WSRB (106.3 FM) is an urban adult contemporary radio station serving the Chicago metropolitan area and Northwest Indiana. It is licensed to the Southland suburb of Lansing, Illinois, and transmits within that city from a tower along the north side of the Kingery Expressway. The station is owned by Crawford Broadcasting and its studios are in Hammond, Indiana.

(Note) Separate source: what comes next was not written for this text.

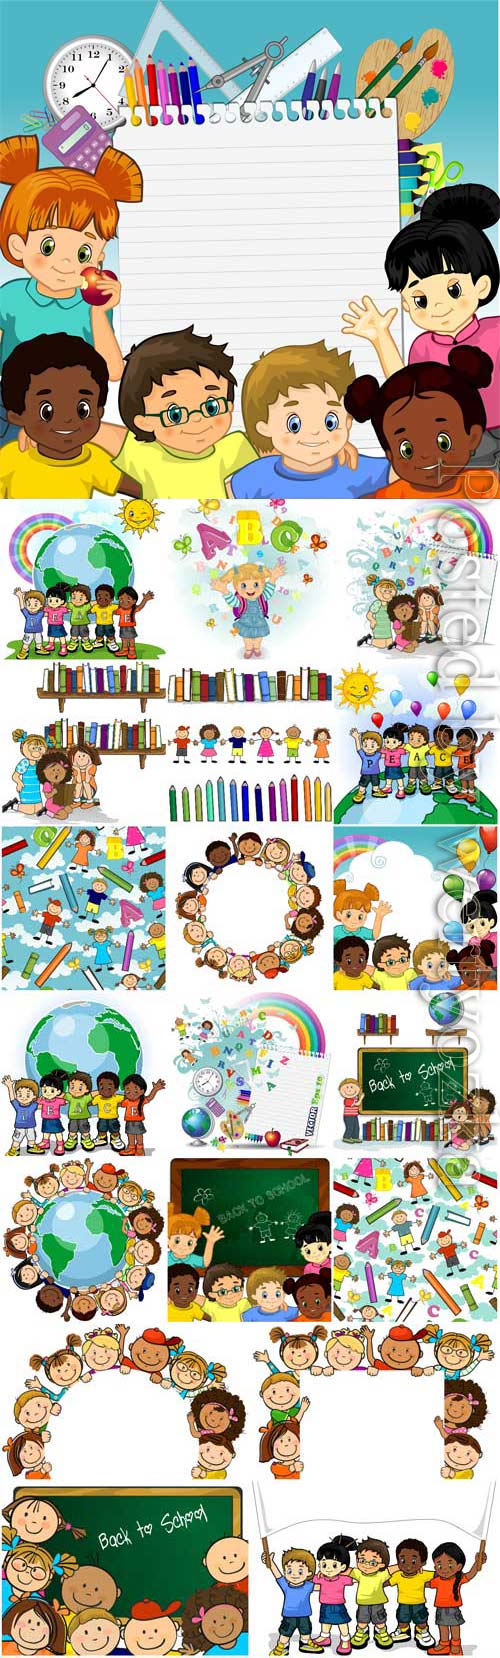 Children of different countries of the world in vector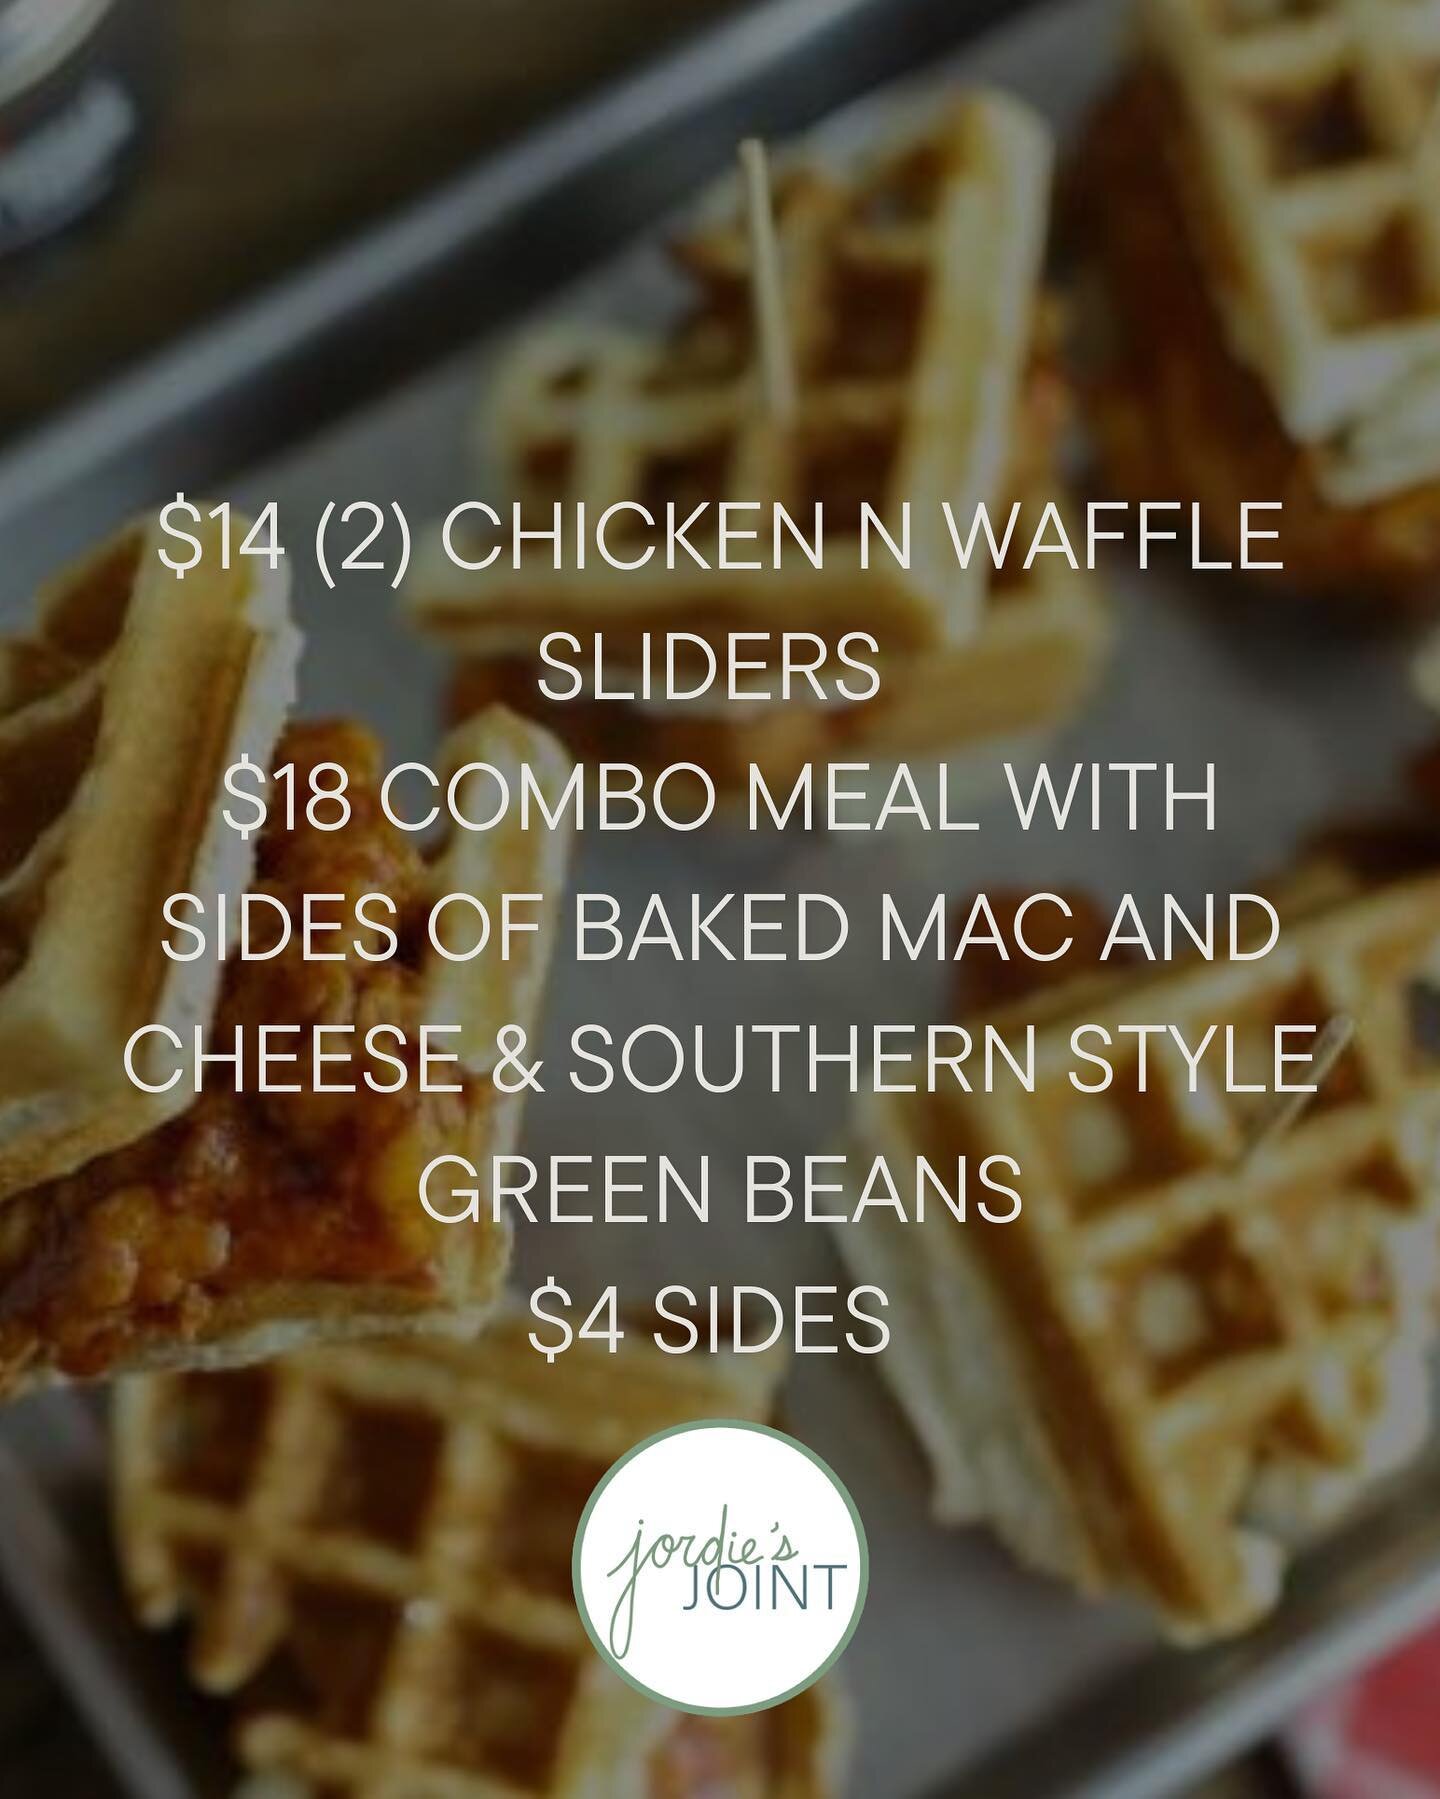 FINALS MEAL!! Want to get some Jordie&rsquo;s Joint before the school year ends? Order on our website now for pickup tomorrow evening! Available during Fryft Hours (5-7pm). Delicious Buttermilk Chicken and Waffle sliders brushed with a sweat heat syr

WSRB broadcasts in the HD Radio format.

History
The station began broadcasting on August 28, 1961 as WLNR, which stood for "West Lansing Near Railroad". It aired a full service format playing Middle of the road (MOR) music, including pop standards and easy listening. In the 1970s, talk programming would begin to occupy more of the station's schedule, with religious programming airing in overnights. From 1973 to 1985, the station was home to the Warren Freiberg - Libby Collins Show, which would later be heard on WCGO in Chicago Heights, Illinois and WTAS in Crete, Illinois. The Station was purchased by Johnson Publishing Company in 1985. In the late 1980s and early 1990s, the station aired a Soft urban contemporary format branded "Soft Touch", which was simulcast on its sister station AM 950 WJPC.

WJPC
On March 11, 1991, WLNR relaunched as "J106". On April 15, 1991, the station's callsign would be changed to WJPC-FM, which stood for Johnson Publishing Company, the station's owner at the time. This would give the station the same callsign as its sister station, AM 950 WJPC. The stations continued to simulcast and aired an Urban AC format, and competed against WVAZ (though WJPC (AM) would break off from the simulcast and flip to a rap-heavy urban contemporary format in July 1992).

WEJM
In June 1994, Broadcast Partners, which owned WVAZ, acquired WJPC AM/FM from Johnson Publishing. The new owners changed the callsign to WEJM-FM, and flipped formats to a Rap-heavy Urban contemporary format as "106 Jamz" on June 19, as well as effectively returning the stations to a full-time simulcast. This placed the stations in competition with the market's Urban contemporary leader WGCI. Their AM simulcast partner would also change call letters to WEJM. Broadcast Partners would later merge with Evergreen Media in July 1995. In March 1997, due to several mergers which put Evergreen over federally-mandated ownership limits, WEJM-FM was sold to Crawford Broadcasting, who would change the station's format to Urban Gospel in April, though its simulcast partner WEJM 950 (which was sold to Personal Achievement Radio) would continue to air the Urban/Rap format for several months after until it flipped to sports talk as a station of the One-on-One Sports Network on August 28.

WYBA/WYCA
During this time, WYBA aired Urban Gospel music and brokered religious programming as "Your Born Again Gospel Station". On December 1, 1999, the station's branding was changed to "Power 106", and the brokered religious programming that aired on the station were moved to sister stations WYCA and WYAA, giving 106.3 a full-time Urban Gospel format. The call letters were changed from to WYCA in 2001 after WYCA (then at 92.3 FM) dropped its longtime Gospel/brokered Christian format in favor of Urban Contemporary. The call letters WYBA were moved to 102.3.

WSRB
The station adopted an Adult Urban contemporary format on September 30, 2003 (the Urban Gospel format would move to WYCA (102.3 FM)).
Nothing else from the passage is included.